Since rust never sleeps, i primed it! Came out pretty good! I plan on working out the kinks while primed, then paint. The primer i will two tone how i want the final product.


----------



## DonChristie (Aug 29, 2014)

As far as the running total,
1125 + 45 for tank horn
1170 + 20 for primer
1190 + 50 for blasting
1240
Doing something i love...
Priceless!


----------



## DonChristie (Aug 29, 2014)

Got some rage and johnny cash playin, beatin on the chain guard and drinkin beer! Guard needs some work!


----------



## mike j (Aug 29, 2014)

Looks like a fun time, keep up the good work.


----------



## slick (Aug 29, 2014)

schwinndoggy said:


> Got some rage and johnny cash playin, beatin on the chain guard and drinkin beer! Guard needs some work!




Rage, Johnny Cash, and beer.....

How come we have never met when we have all the same likes? Lol can't wait to see it done and meet you finally.


----------



## Obi-Wan Schwinnobi (Aug 29, 2014)

slick said:


> Rage, Johnny Cash, and beer.....
> 
> How come we have never met when we have all the same likes? Lol can't wait to see it done and meet you finally.



That's not beer... lol [emoji12]


----------



## Obi-Wan Schwinnobi (Aug 29, 2014)

slick said:


> Rage, Johnny Cash, and beer.....
> 
> How come we have never met when we have all the same likes? Lol can't wait to see it done and meet you finally.



Plus you don't drink beer...gin boy haha


----------



## DonChristie (Sep 24, 2014)

I have been having fun with Primer! I tried to paint it like I want the finished product to be. I like the Tank graphics but not the Fenders so much. The Sargent stripes will be smaller on her when done.

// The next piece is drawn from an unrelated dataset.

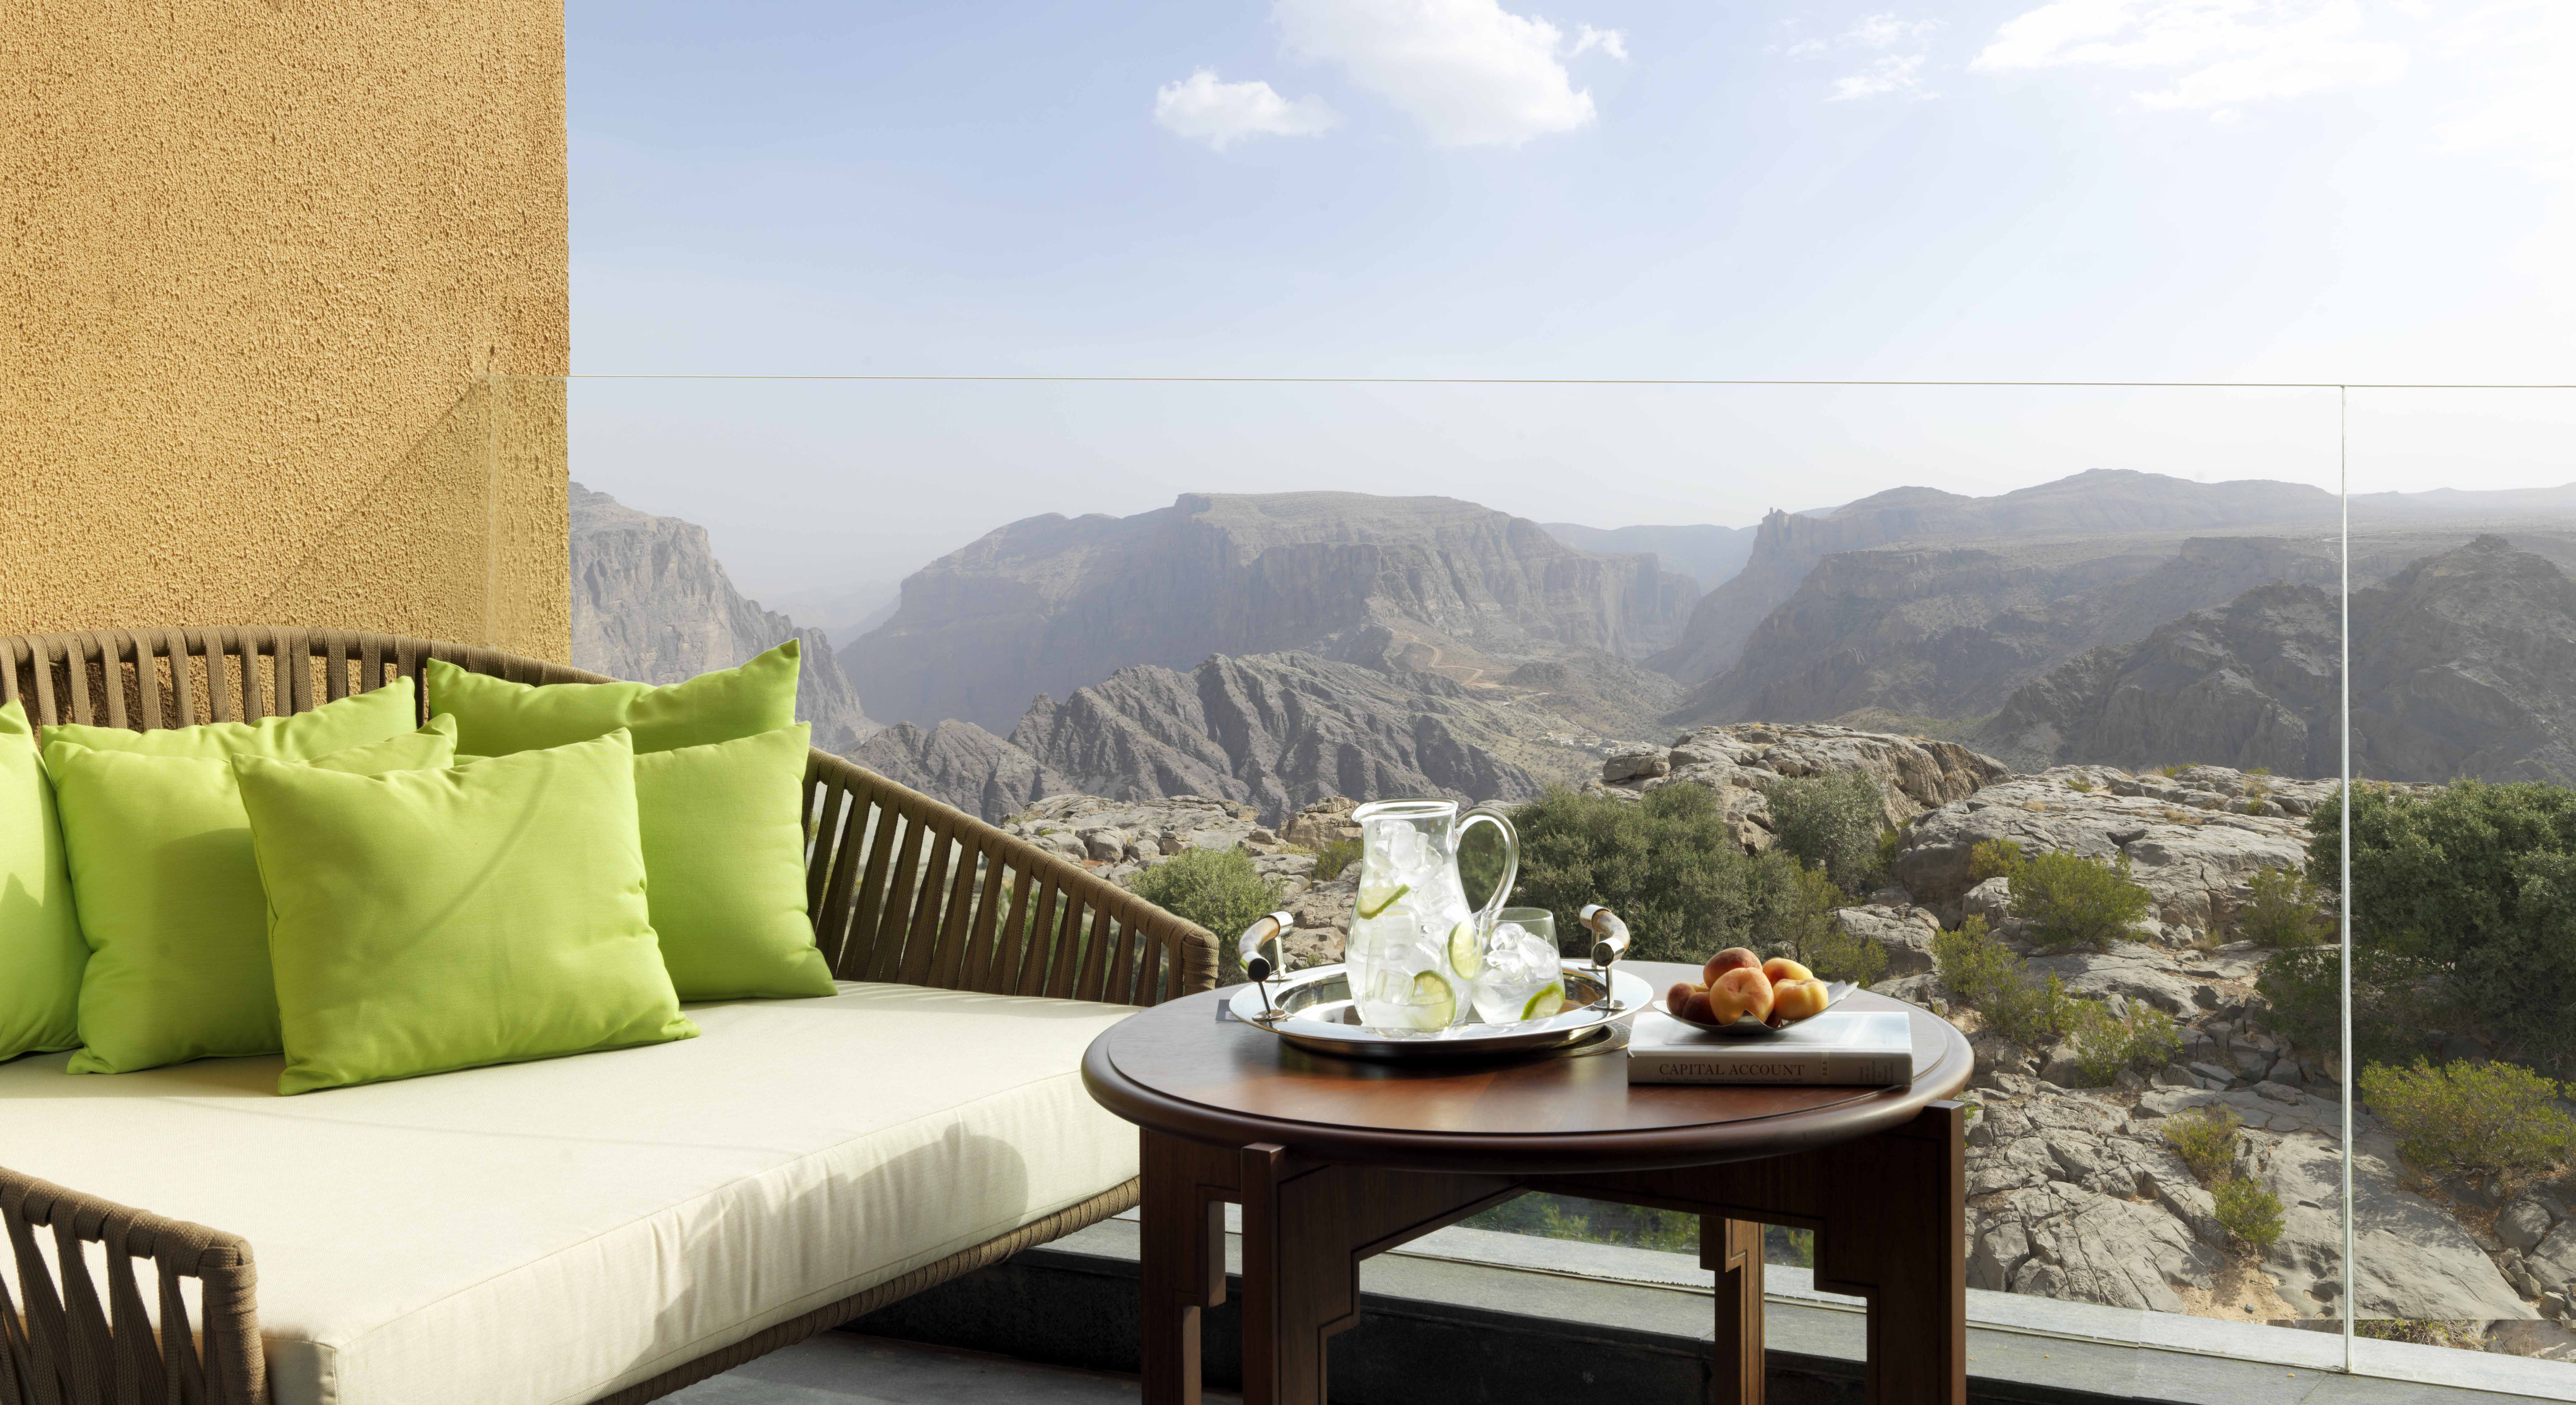 Oman tourism: Anantara Al Jabal Al Akhdar Resort opens

I am gonna get her back on the road before painting/plating. I need some hardware and such. Disclaimer: I am not a body and paint guy nor do I profess to be one.


----------



## DonChristie (Sep 24, 2014)

The graphics were inspired by other Colsons I have seen. The light has a little something extra on it. The Tank graphics lined up with the Frame nicely.


----------



## 72 Slik Chik (Oct 9, 2014)

It's going to look awesome!

All you boys always sneer at the girls' bikes, but they are so much better. All curvy and cute, and way less likely to end up in your hoo-ha when you stop suddenly. :eek:


----------



## Freqman1 (Oct 10, 2014)

72 Slik Chik said:


> It's going to look awesome!
> 
> All you boys always sneer at the girls' bikes, but they are so much better. All curvy and cute, and way less likely to end up in your hoo-ha when you stop suddenly. :eek:




Before you lump us all into that group (boys that sneer) you may want to peruse this thread  http://thecabe.com/vbulletin/showthread.php?47137-The-Preservationistas   Some of us actually like girls bikes. I even have a few myself and restored one for my girlfriend (last pic)! V/r Shawn


----------



## 72 Slik Chik (Oct 10, 2014)

Thanks for the link. There's definitely some eye candy in that thread! It's also reassuring that not every lovely girls bike is being harvested for the nice parts that some boy stripped off his bike in a moment of boneheadedness.


----------



## DonChristie (Oct 10, 2014)

Boneheadedness-what men do! Lol thanks for the compliments slik chik! Nice line up Shawn! I always joke with my wife that im building her a bike. We both know its for me!


----------



## Freqman1 (Oct 10, 2014)

schwinndoggy said:


> Boneheadedness-what men do! Lol thanks for the compliments slik chik! Nice line up Shawn! I always joke with my wife that im building her a bike. We both know its for me!




That blister tank is coming along nicely Don. Yea I ride the Skylark more than the girlfriends ever have! V/r Shawn


----------



## Boris (Oct 10, 2014)

To me, the Colson blister tank bikes are the coolest bikes ever. But I'm a nerd, so what do I know. Great job so far, Don!


----------



## DonChristie (Oct 12, 2014)

I put her together all primed. This is not a finished product, just the next step. Still not sure of a color, Red/Crème? The practice run on the graphics was a learning process. Gonna change the graphics some. I need some small hardware. Anybody got Tank horn Screws?


----------



## DonChristie (Nov 9, 2014)

Slapped some whitewalls on her. Finally got my wife to ride it! She wants a pretty bike. She dont like primer. She said the Colson was easy to ride. Thats a start!


----------